Task goal.
Keeping every word the same, give again only the lines from the one with "Blue Alce Shoulder Bag" through the end of the data, both included, and leave every picture out.

Dataset content.
======

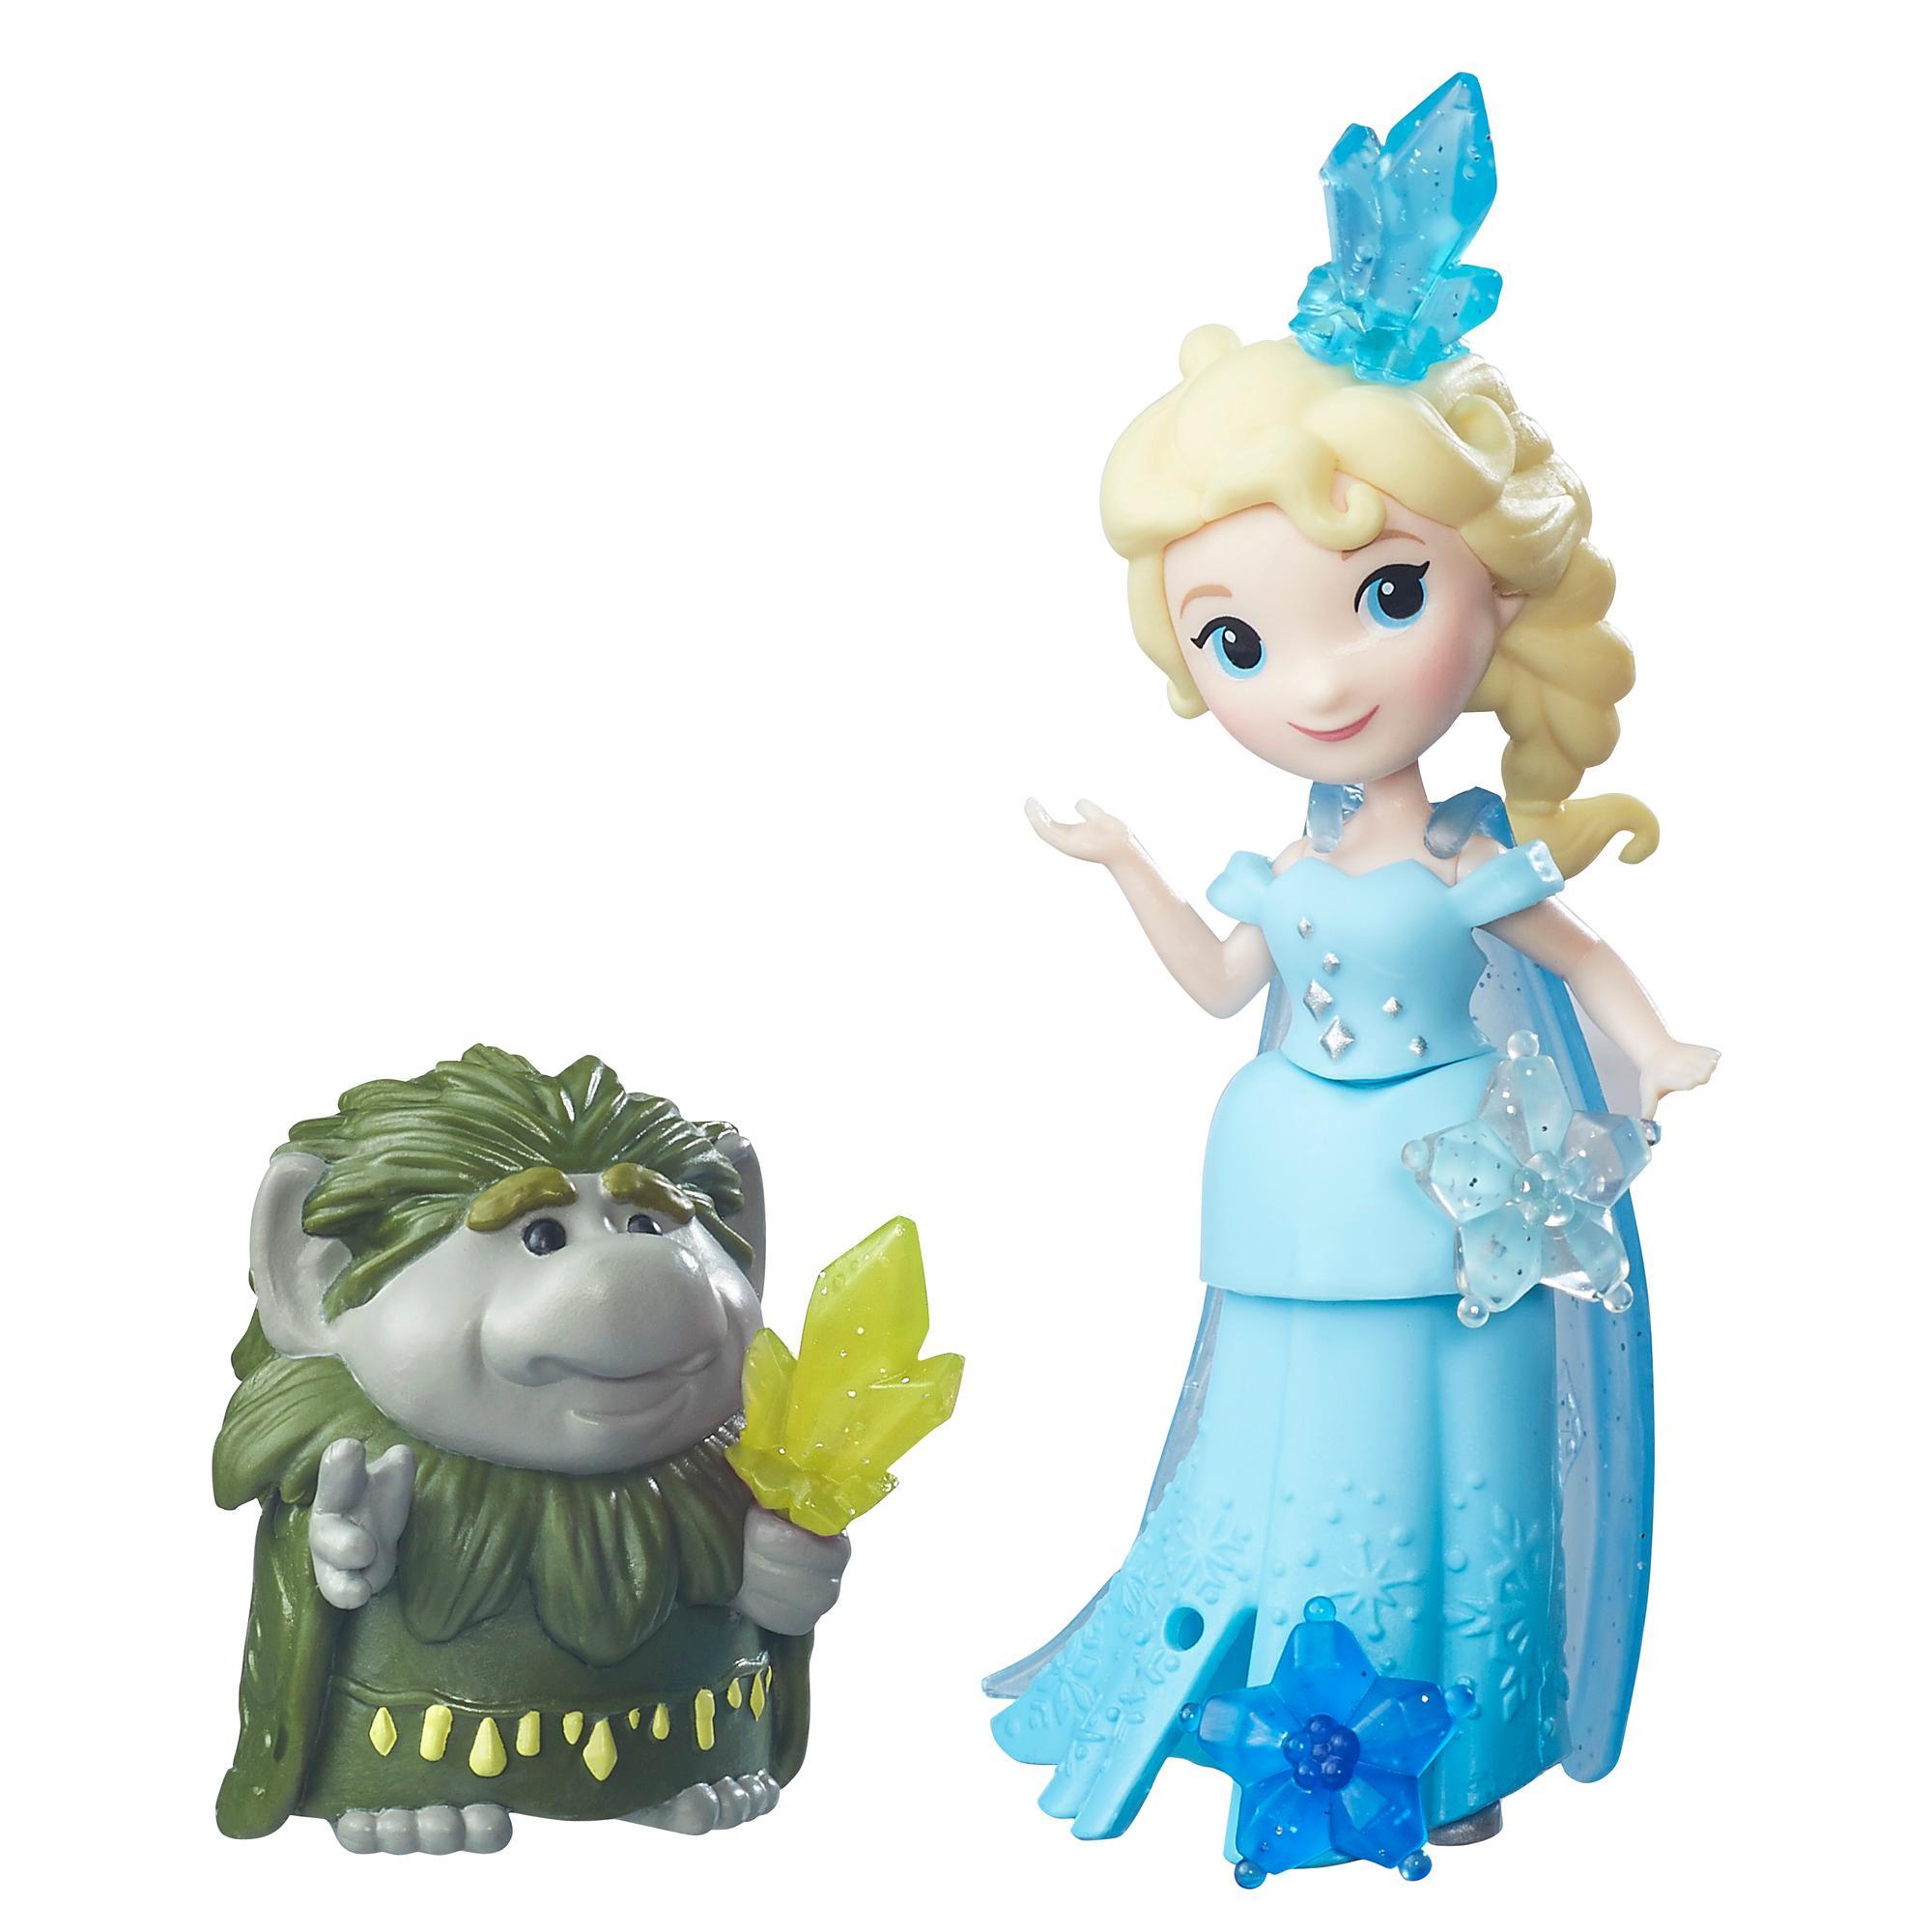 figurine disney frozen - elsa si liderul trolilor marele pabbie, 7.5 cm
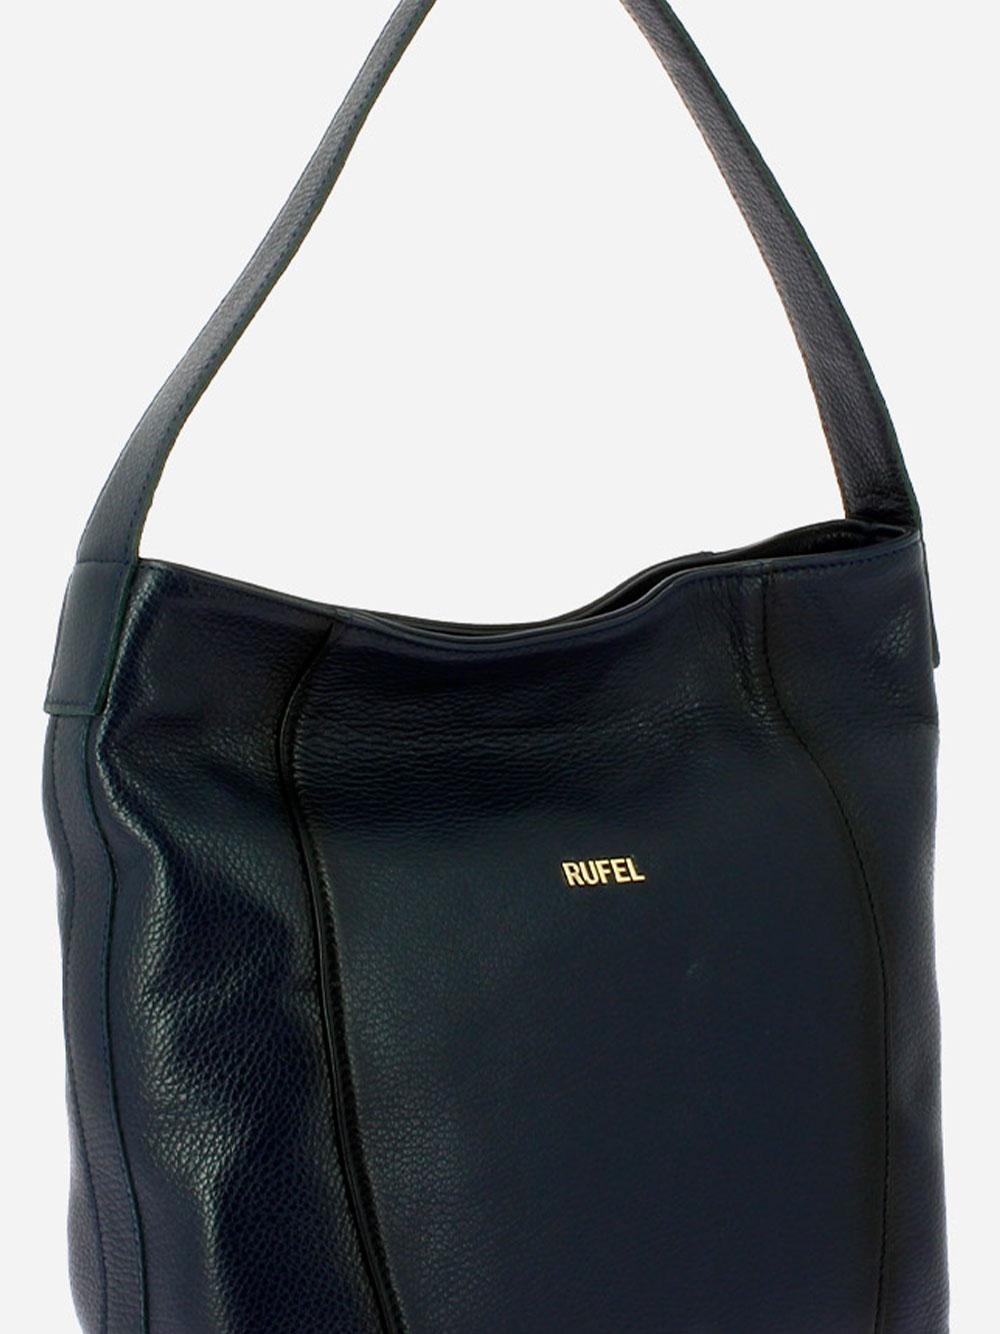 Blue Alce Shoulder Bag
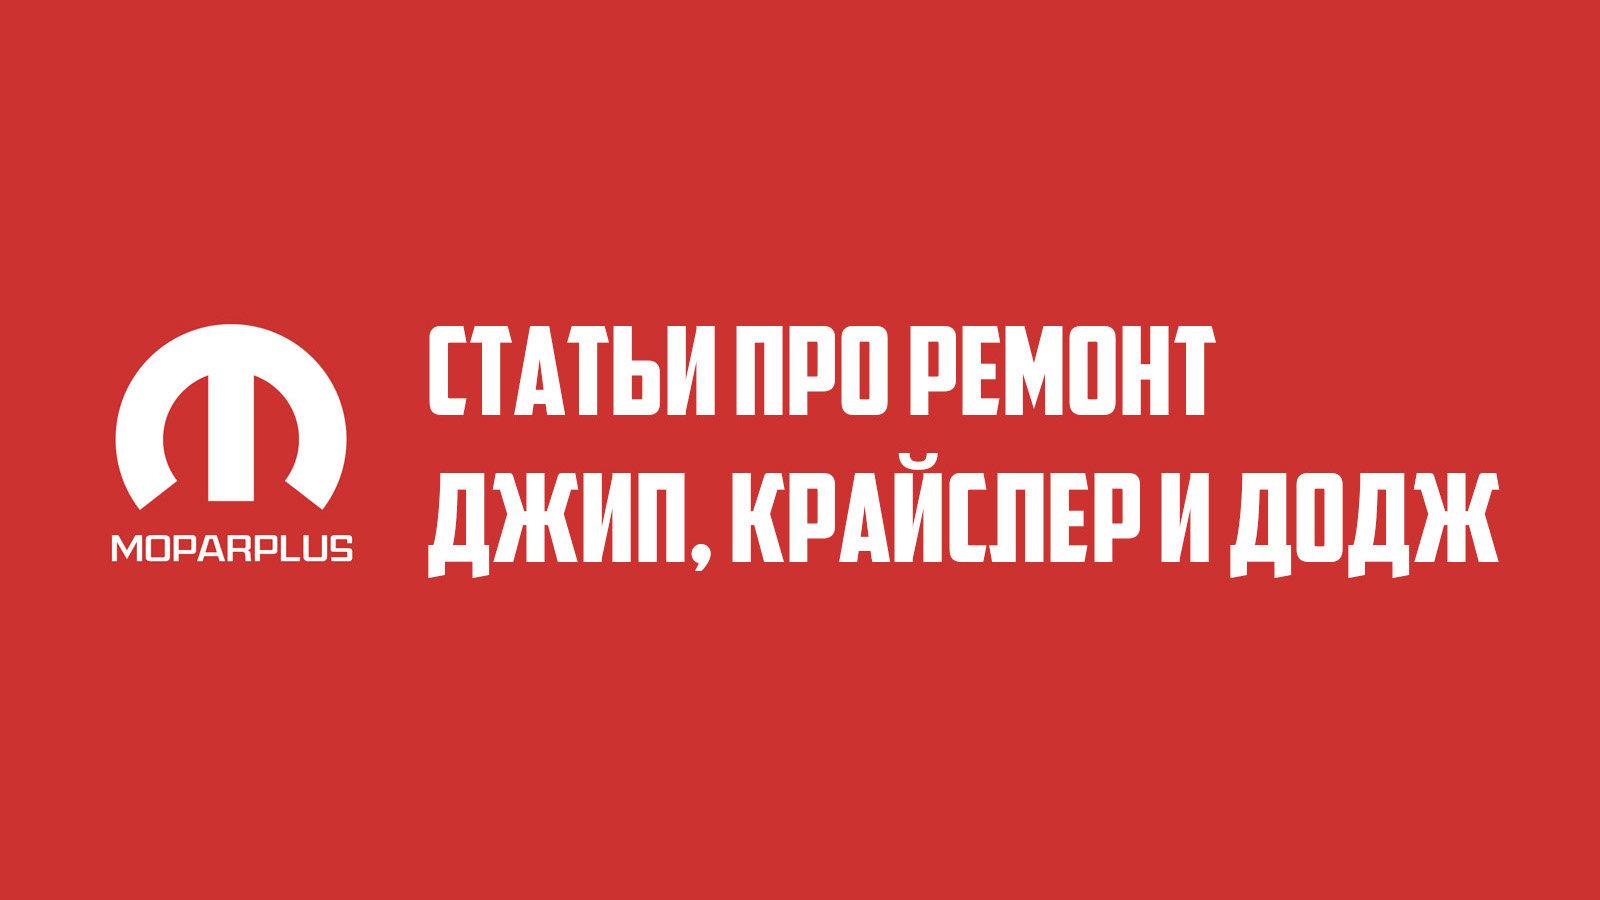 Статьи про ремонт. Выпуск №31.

======

Written reply.
 Blue Alce Shoulder Bag
 Статьи про ремонт. Выпуск №31.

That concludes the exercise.